Unsupervised Behavioral Compression: Learning Low-Dimensional Policy Manifolds through State-Occupancy Matching
Andrea Fraschini, Davide Tenedini, Riccardo Zamboni, Mirco Mutti, Marcello Restelli

TL;DR
This paper introduces Occupancy-based Policy Compression (OPC), a method that learns low-dimensional policy manifolds by matching state occupancy distributions, improving over action-based approaches in reinforcement learning.
Contribution
It proposes a novel occupancy-based compression framework with a differentiable objective and diverse policy dataset generation, enhancing behavioral generalization and policy representation.
Findings
OPC outperforms action-matching methods on continuous control benchmarks.
The approach achieves better behavioral diversity and generalization.

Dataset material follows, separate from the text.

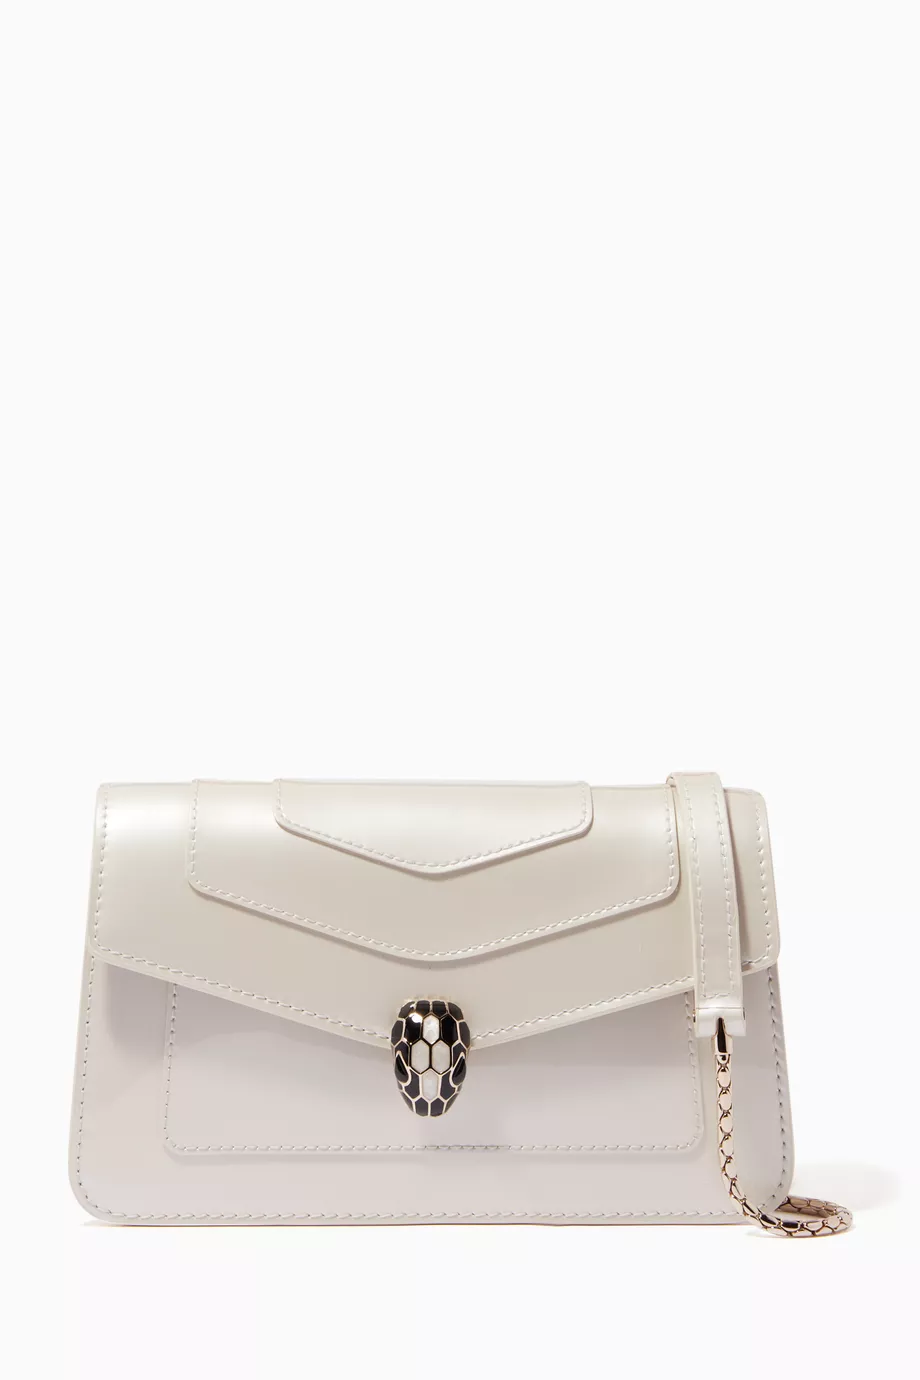 Bvlgari Serpenti Forever Wallet on Chain Leather Long at 1stDibs  serpenti  forever chain wallet, bvlgari serpenti card holder, bvlgari serpenti wallet  on chain

Occupancy matching reduces sequential decision errors.
Abstract
Deep Reinforcement Learning (DRL) is widely recognized as sample-inefficient, a limitation attributable in part to the high dimensionality and substantial functional redundancy inherent to the policy parameter space. A recent framework, which we refer to as Action-based Policy Compression (APC), mitigates this issue by compressing the parameter space into a low-dimensional latent manifold using a learned generative mapping . However, its performance is severely constrained by relying on immediate action-matching as a reconstruction loss, a myopic proxy for behavioral similarity that suffers from compounding errors across sequential decisions. To overcome this bottleneck, we introduce Occupancy-based Policy Compression (OPC), which enhances APC by shifting behavior representation from immediate action-matching to long-horizon state-space…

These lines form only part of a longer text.